Sure enough, he responded promptly and, to his surprise, identified a frozen AWS server to be the culprit. Because of how exactly the AWS instance froze, Amazon’s own monitoring service failed to detect an outage or trigger an action and he was left in the dark. After discussing the event later in the week when business hours resumed, it was clear that there were some amazing opportunities here.

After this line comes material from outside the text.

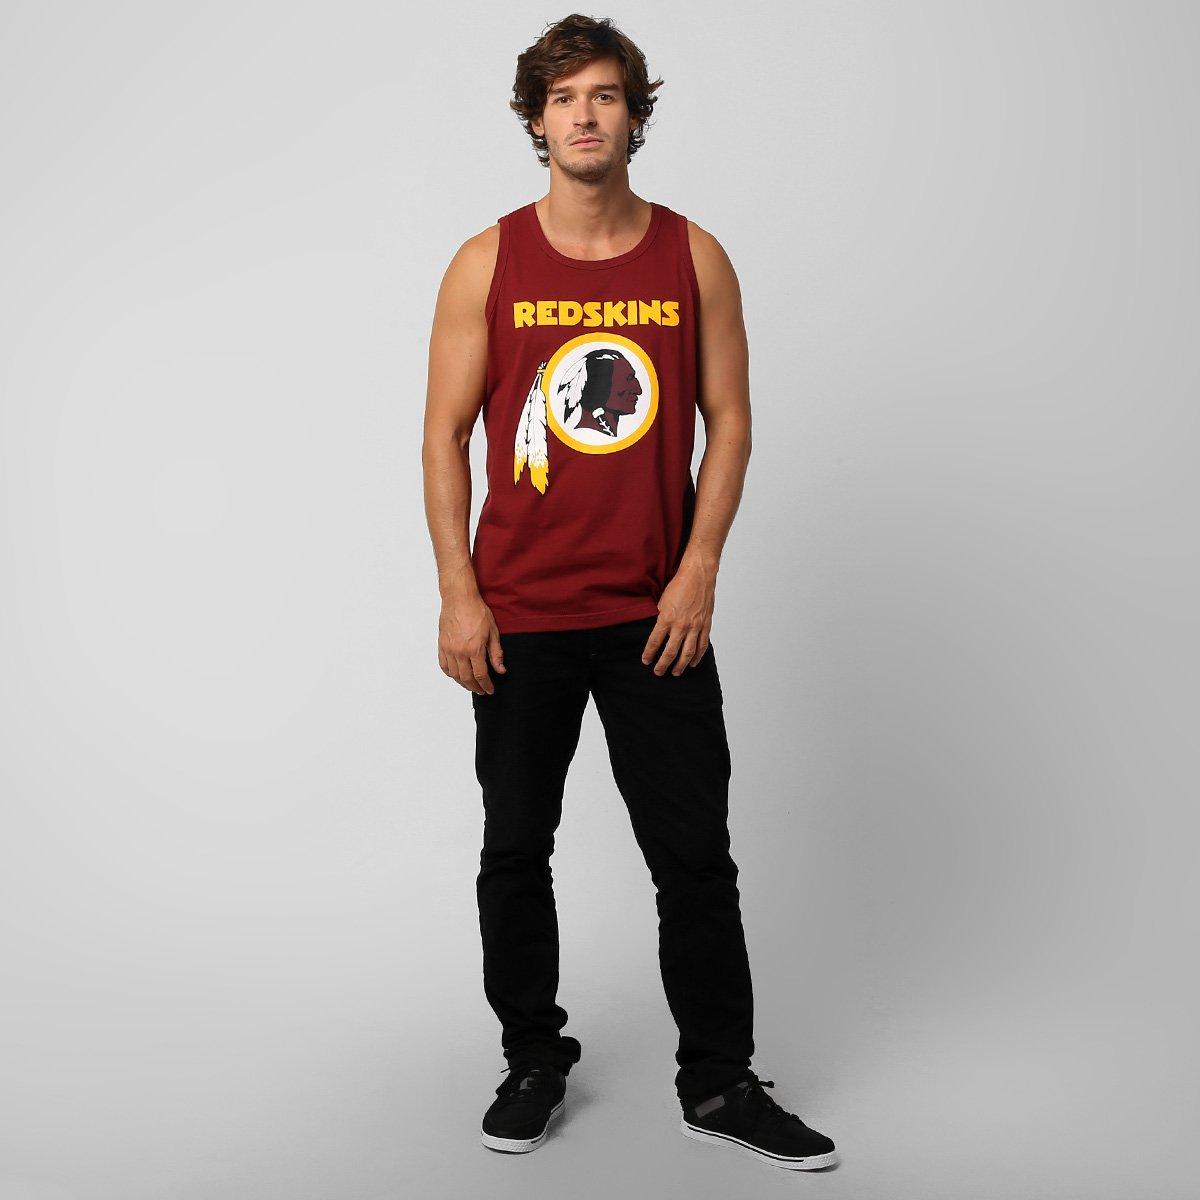 Camiseta Regata New Era NFL Basic Redskins - Compre Agora  0390ad2bbeb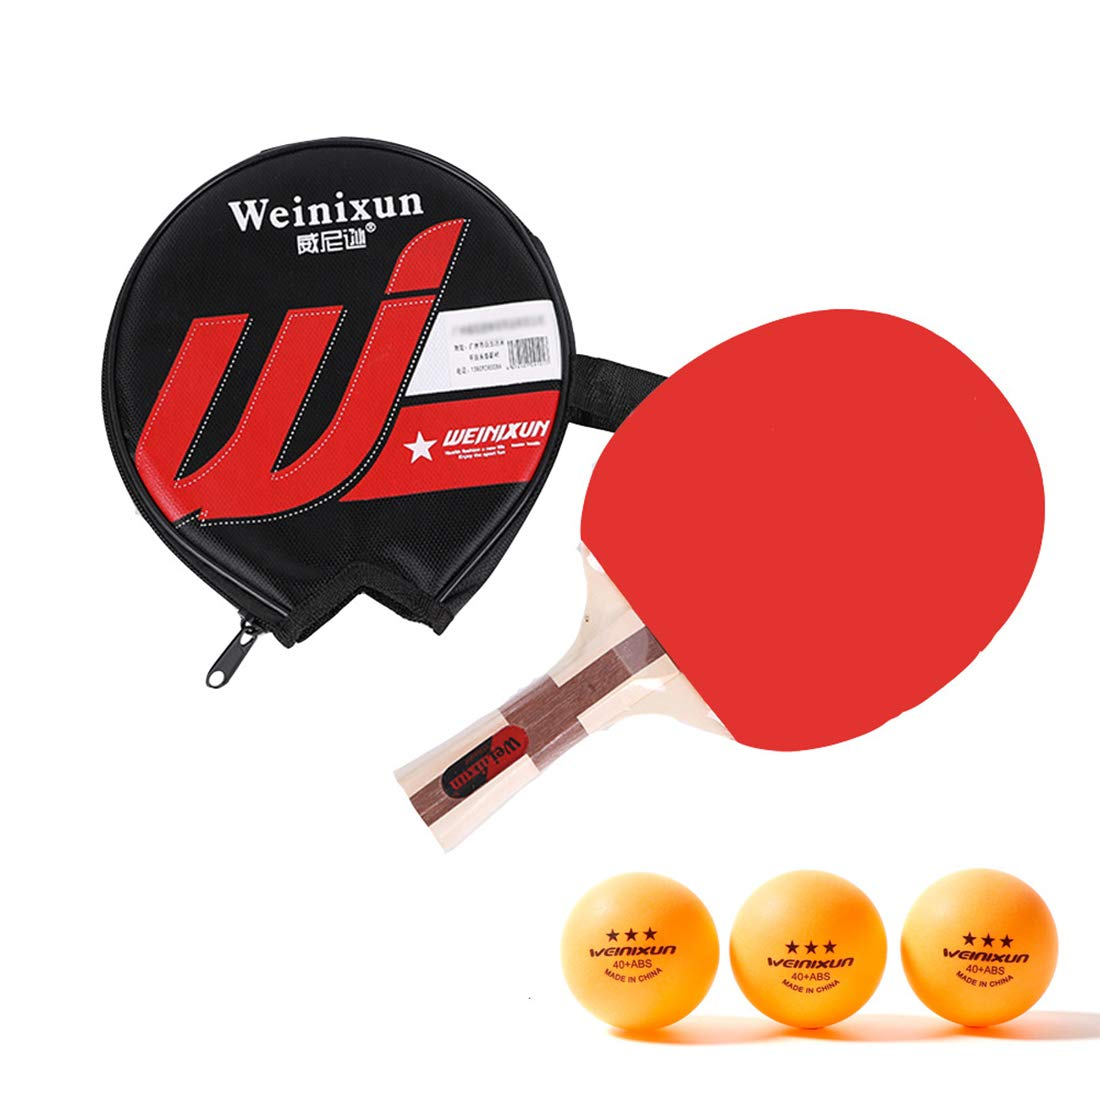 YUYAXQP PortátilPala De Ping Pong Juego De Tenis De Mesa para El ...

Nagios XI Monitoring An AWS Vendor

I strongly believe the powers of any network engineer or system administrator depend not only on what they have in their toolbox, but how they arrange it. Blocking or simply not recording performance data to begin with is not only a risk, but is too affordable today to not make verbosity a standard! The key is filtering and organizing the data so you can immediately see it in your toolbox while troubleshooting. What was the incentive for me to log into my Nagios XI server and set up a watchdog on this CRM website? I don’t own it. I’m not their IT guy. But when the services stop running, here’s what I have in my toolbox:

  • Keep Vendors Honest
    • Keeping an eye on all vendor client portals, applications, and services sets a precedence both internally and externally. It establishes that you are more than the SLA contract you sign.
    • If a vendor or SaaS supplier is suggesting to you that their services were, in fact, functional, the data you produce and counter from multiple lenses plays a significant role in resolution.
    • In my example, AWS failed to do its job of reporting and automating actions. A single source of truth is a liability. Having a second and third set of eyes in every direction is critical. At the very least, it’s better to be overwhelmed than not informed at all. That said, there are many ways to reduce being overwhelmed and it all begins with properly organizing your monitoring solutions.
  • Stay on top of the responsibility food chain
    • If you’re a system administrator, DevOps, or network engineer and your desk periodically has random gifts left on it like power cords or obscure old software/hardware found around the office, it indicates that you are the go-to for all things computers and technology. Optically speaking, this means if a cloud solution goes down, everyone is looking at you. Monitoring all of these services goes a long way in staying ahead of messaging and service tickets.
  • Troubleshoot from another important lens
    • Every metric matters when troubleshooting. Establishing the “is it me or them” is often times the best place to start. For example, if you’re troubleshooting a VoIP issue, it may make sense to monitor the IP or FDQN provided by your SIP trunk/provider to establish the necessary divide between on-premise, multi-location, or cloud challenges. You can reduce the time spent ruling out internal factors if the first alert you see indicates that the vendor is having difficulties.
    • Office 365 Exchange tests every X minutes, file/folder checking on cloud storage providers, jitter/latency/MOS tests on your cloud VoIP provider trunks, synthetic login and behavioral tests on service portals & websites, HTTP status checks on partner billing sites, etc — All of this exists and is valuable data to have and call upon!
  • Provides data and reports that may persuade you to seek other options
    • “This service is always down…” Is it? Run a few reports against the service with a few clicks of a button to determine if that’s really the case. If it is, awesome — You now have a clear path to upgrade or switch to a different vendor. If it’s not, bummer — You’re now about to begin auditing and determining what to do about your current infrastructure. Either way, you have a more accurate direction to navigate towards.

The takeaway here is to look at business infrastructure beyond the closet and beyond the cloud services you’re directly responsible for. We are all operating in hybrid environments and each vendor introduces many additional mixed dependencies and undocumented points of failure. A single source of truth was never satisfactory before the cloud, so the goal of any IT department should be to monitor every tool that is being used no matter where it resides.